The crucial information on the revocation was made known to the court before judgment was entered. We have never held and are not now disposed to hold that a beer board that has issued permits in violation of its 2,000 ft. ordinance, may wait until after a final judgment is entered awarding a permit to a plaintiff who relies upon the invalidation of the 2,000 ft. ordinance because of the board’s discrimination in its enforcement, then set about to revoke the offending permits, wait until 30 days has expired following entry of the judgment in favor of the plaintiff, and then seek to set aside that final judgment through a resort to Rule 60.02 and, in effect make the revocation retroactive to the time of trial so as to serve as a basis for denying a permit to the plaintiff. Here, the revocation on November 7, 1984, is *897ineffective to invalidate the judgment for the plaintiff entered on October 16, 1984. These cases, as any others, are to be tried on the facts and law existing at the time of the trial, not upon radical changes in the facts and the law occurring after trial and, as in this case, even after the judgment has become final.

For the same reasons, the defendants’ attempt by a motion under Rule 14, Tennessee Rules of Appellate Procedure, to have us consider as a “Post Judgment Fact,” the November 7 revocation as ground for setting aside the final judgment entered October 16, 1984, is without merit. The principal issue for trial in the trial court was whether or not the defendant board had issued beer permits in violation of its 2,000 ft. ordinance and, for that reason, was prohibited by the constitutional principle of equal protection of the law to deny the plaintiff a permit for the sale of beer within 2,000 ft. of a place of public gathering. The proof showed that such an offending permit had been issued to the 107 Package Store which had been in operation approximately seven years at the time of this hearing. Accordingly, the trial court held that the board could not invoke the 2,000 ft. ordinance against the plaintiff and ordered that permits be issued to plaintiff. After that final judgment was entered on October 16,1984, the revocation of the offending permit on November 7, 1984, came too late to affect that judgment. Thus, the November 7 revocation is not a fact “concerning the action” that the Court should notice under Rule 14 which provides:

“(a) The Supreme Court, Court of Appeals, and Court of Criminal Appeals on its motion or on motion of a party may consider facts concerning the action that occurred after judgment.”

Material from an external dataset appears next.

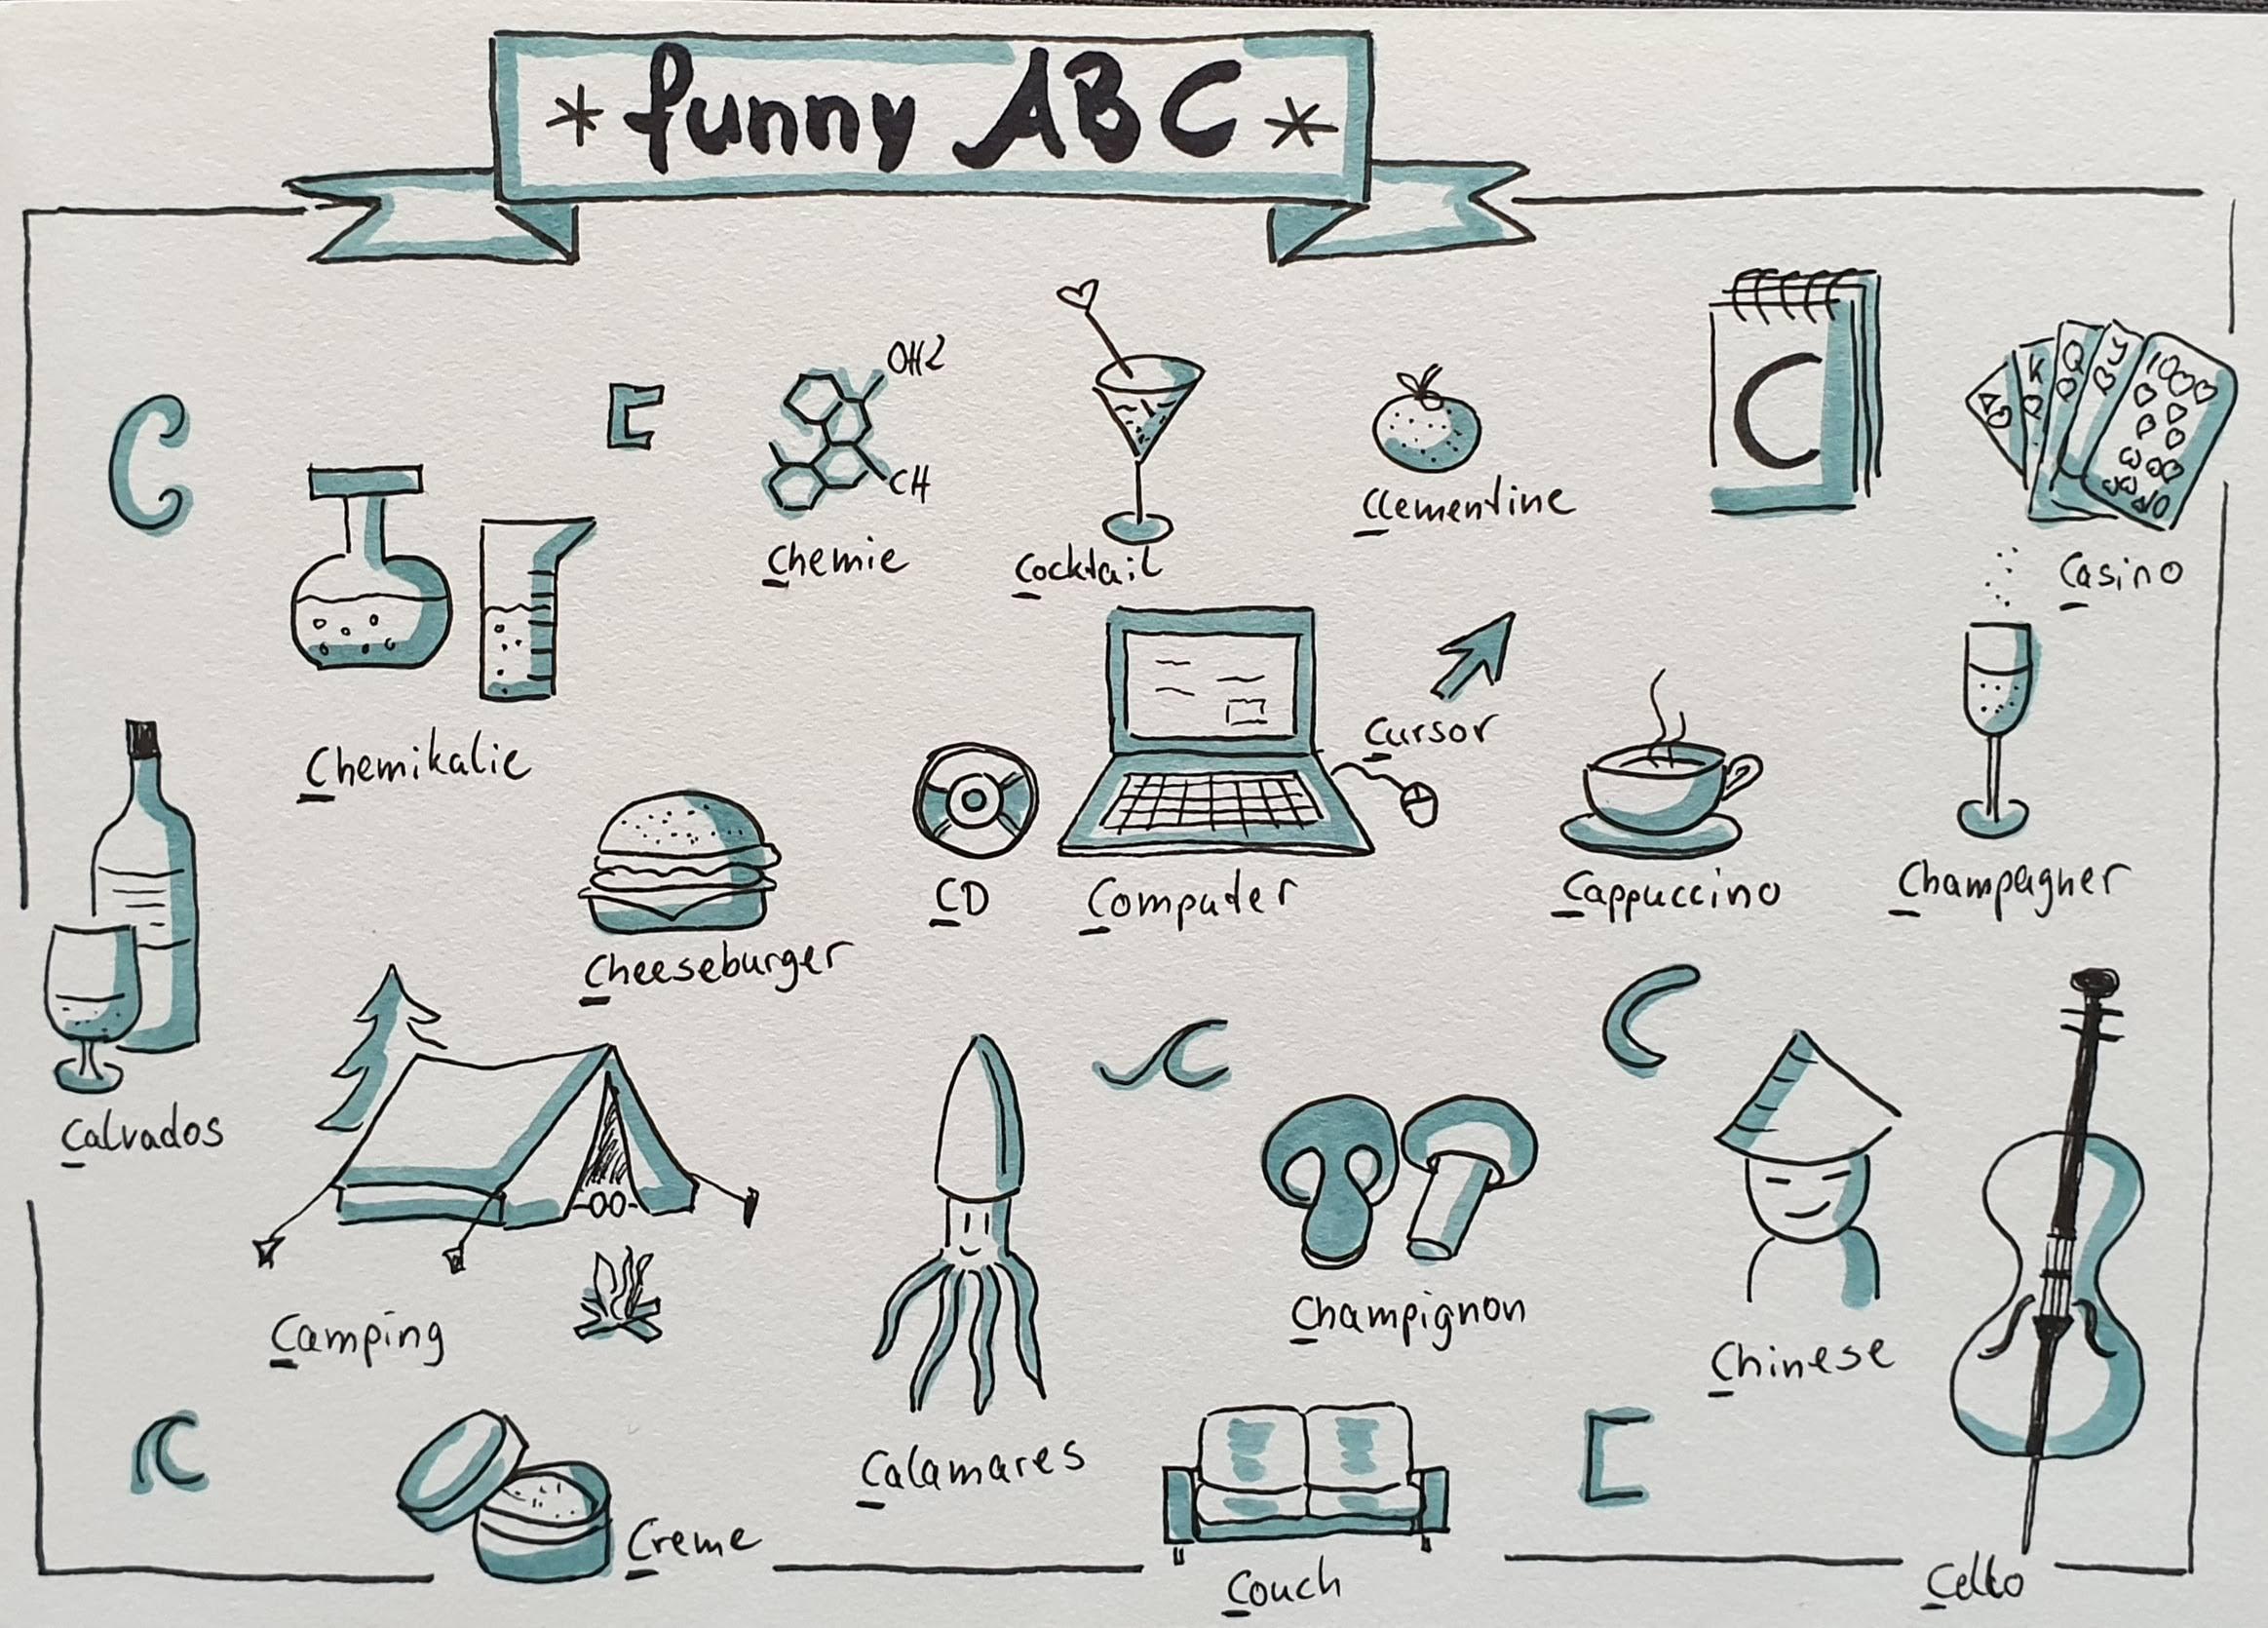 Sketchnotes Funny ABC - C

The Advisory Commission Comment to Rule 14 is as follows:

“Although the appellate court should generally consider only those facts established at trial, it occasionally is necessary for the appellate court to be advised of matters arising after judgment. These facts, unrelated to the merits and not genuinely disputed, are necessary to keep the record up to date. This rule gives the appellate court discretion to consider such facts. This rule is not intended to permit a retrial in the appellate court.”

The judgment appealed from is reversed and this cause is remanded to the trial court for enforcement of its judgment entered on October 16, 1984. Costs incurred upon appeal are taxed against the defendants-appellees.

COOPER, C.J., and FONES, J., concur. DROWOTA, J., filing separate concurring opinion in which HARBÍSON, J., concurs.

. It is indicated in the record, however, that this attempted revocation was later reversed by court action on the ground of “hardship" to the owner of the 107 Package Store and that that permit is still outstanding in violation of the “2,000 foot rule."